American HustleAmerican Hustle é um dos filmes com mais nomeações na 86.ºs edição dos prémios da Academia e é um sério candidato à vitória em muitas das categorias para as quais está nomeado. O filme de David O. Russel está nomeado para Melhor Filme, Melhor Ator, Melhor Atriz, Melhor Ator Secundário, Melhor Atriz Secundária, Melhor Realizador, Melhor Guarda-Roupa, Melhor Direcção Artística, Melhor Edição e Melhor Argumento Original.

O enredo de Eric Warren Singer e David O. Russell foi inspirado num escândalo de corrupção que remonta aos anos 70, apelidado de Abscam. A operação consistiu numa emboscada que permitiu que vários políticos fossem apanhados a aceitar, em troca de vários favores políticos, subornos oferecidos por agentes do FBI disfarçados de Sheiks ricos.

No entanto a trama de American Hustle é bem mais interessante e glamorosa do que os eventos que a inspiraram. As personagens principais são um par de vigaristas, Irving Rosenfeld (Christian Bale) e Sydney Prosser (Amy Adams). Ele é dono de uma cadeia de lavandarias que aparentam fazer “lavagens” mais no sentido figurado do que no sentido de lavar roupa, e ainda paralelamente vende arte roubada/forjada e opera um negócio de empréstimos falsos para pessoas desesperadas e incapazes de conseguir empréstimos por vias legítimas. Ela é a amante de Irving e seu braço direito nos esquemas, adotando a persona de uma aristocrata inglesa, Lady Edith Greensly, glamorosa, sofisticada e com uma vasta rede de contactos com bancos britânicos. Ambos são coagidos pelo agente do FBI Richie DiMaso (Bradley Cooper) a participar num golpe para apanhar políticos corrompíveis, como foi o presidente da Câmara de Camden, New Jersey, Carmine Polito (Jeremy Renner).

A performance de Christian Bale é magistral. O ator não se limitou a encarnar as características psicológicas do personagem como também se submeteu a mais uma transformação física incrível. Para representar Irving Bale engordou cerca de 18 quilos, ganhou a barriga típica de um apreciador fervoroso de cerveja e adotou um penteado medonho que prima pela escassez de cabelo conjugada com a utilização de um capachinho de qualidade duvidosa. O excesso de peso e a calvície associados aos melhores e mais pirosos fatos de poliéster dos anos 70 tornam a personagem de Bale deliciosamente foleira.

Irving é casado com Rosalyn, uma mãe solteira, carente, passivo-agressiva e ligeiramente neurótica cujo filho Irving tomou sob a sua asa. A personagem de Jennifer Lawrence é deliciosamente irritante e é um prazer vê-la ter um desempenho tão bom mesmo que num papel tão curto em tempo no ecrã. Em American Hustle Jennifer Lawrence demonstra que realmente tem talento para a comédia e conquista completamente o espectador com a sua personagem brega-chic, de bronzeado falso, cabelo cheio de laca e unhas postiças.

A parceira e verdadeira alma gémea de Irving também parece ter sido escolhida a dedo para o papel.
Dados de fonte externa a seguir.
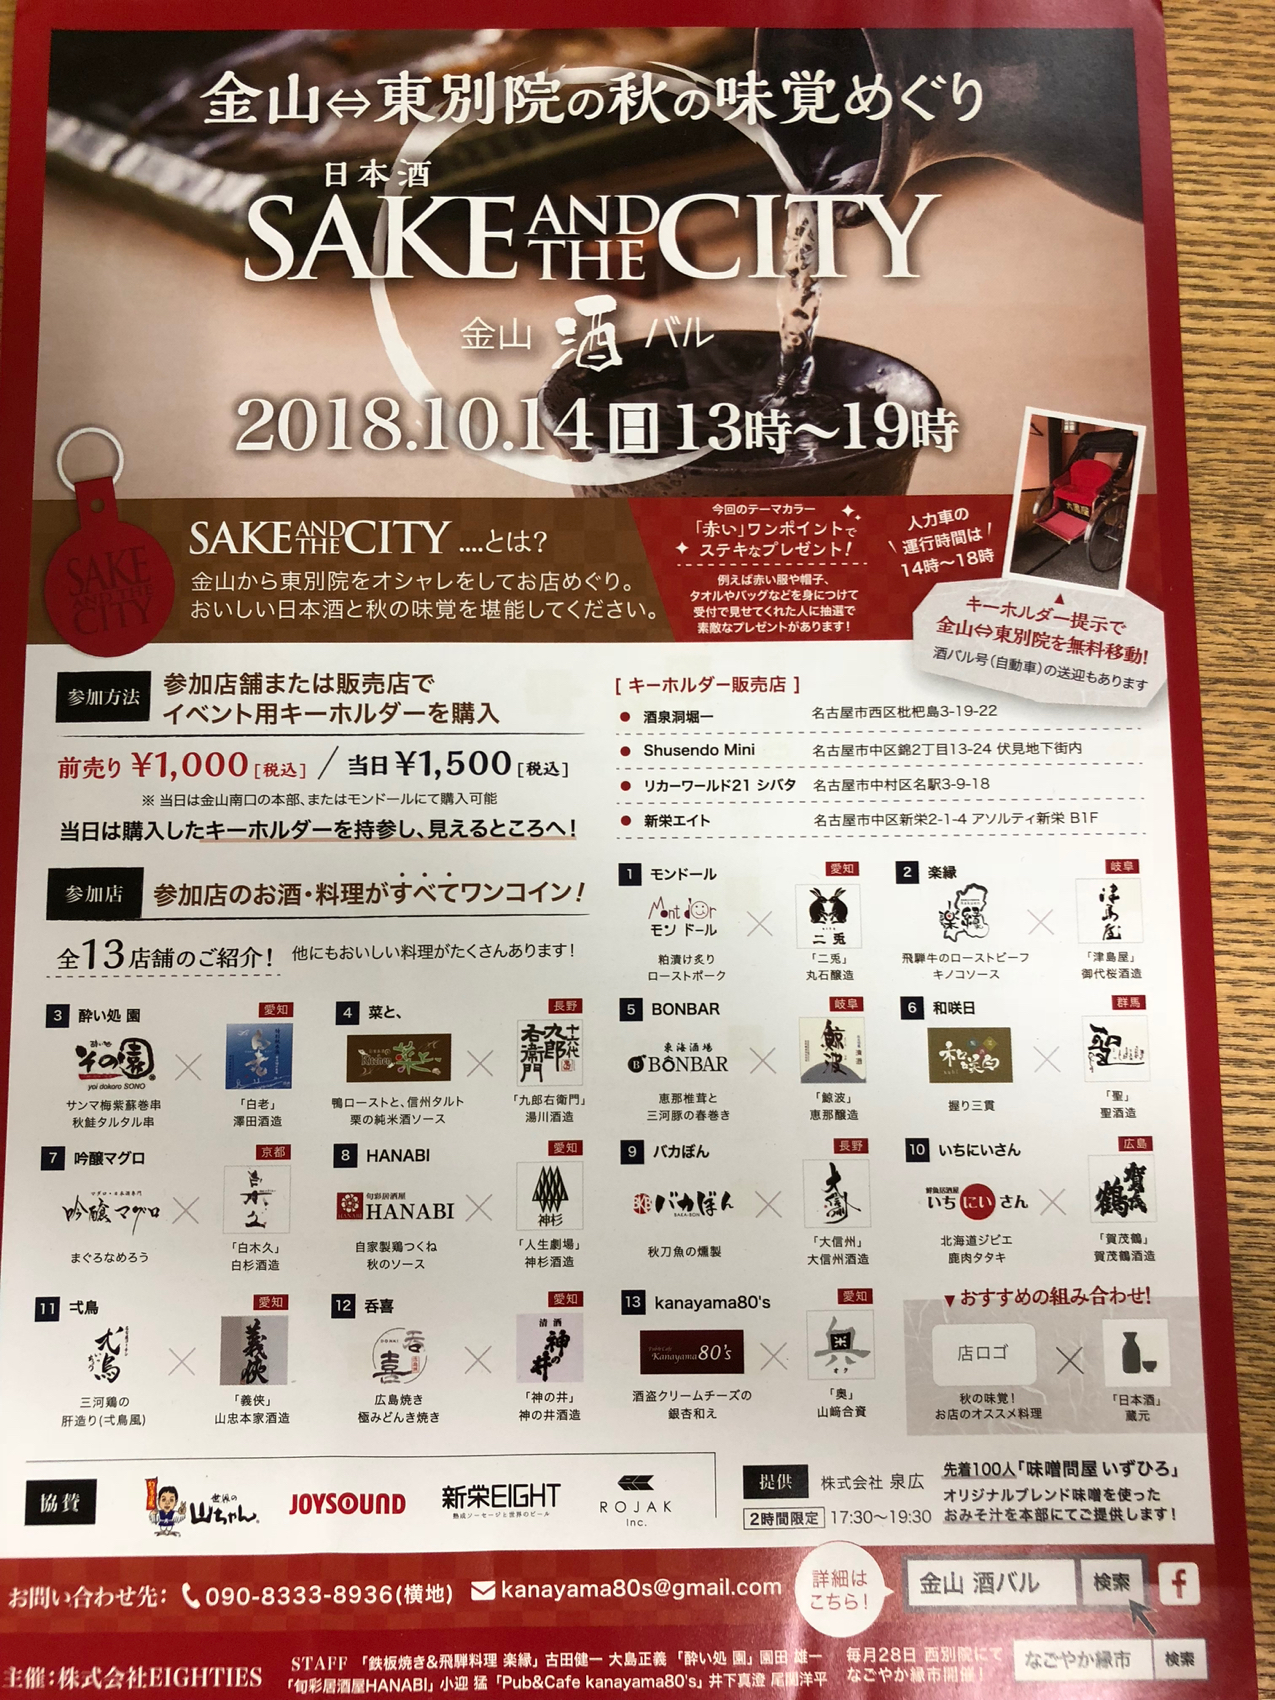 SAKE AND THE CITY 金山

Com o seu ar de boneca de porcelana Amy Adams representa uma mulher de origens humildes, que outrora foi stripper, mas que por ser inteligente e determinada conseguiu dar a volta à sua vida e fingir ser uma mulher glamorosa e sensual. Contam-se pelos dedos de uma mão as vezes que não tem um decote até o umbigo, mas este visual é vital para os esquemas que tem com Irving. Amy Adams tem um papel mais apelativo e mais fácil cativar a empatia do público, mas menos interessante e visceral do que o de Jennifer Lawrence.

Bradley Cooper, apesar de ser uma das personagens vitais para a história é menos interessante ainda e é possível imaginar mil e um atores que conseguiriam fazer mais e talvez melhor com este papel. O agente Richie DiMaso parece-se em demasia com John Travolta em “Saturday Night Fever” e esta aparência física é algo desconcertante num agente do FBI.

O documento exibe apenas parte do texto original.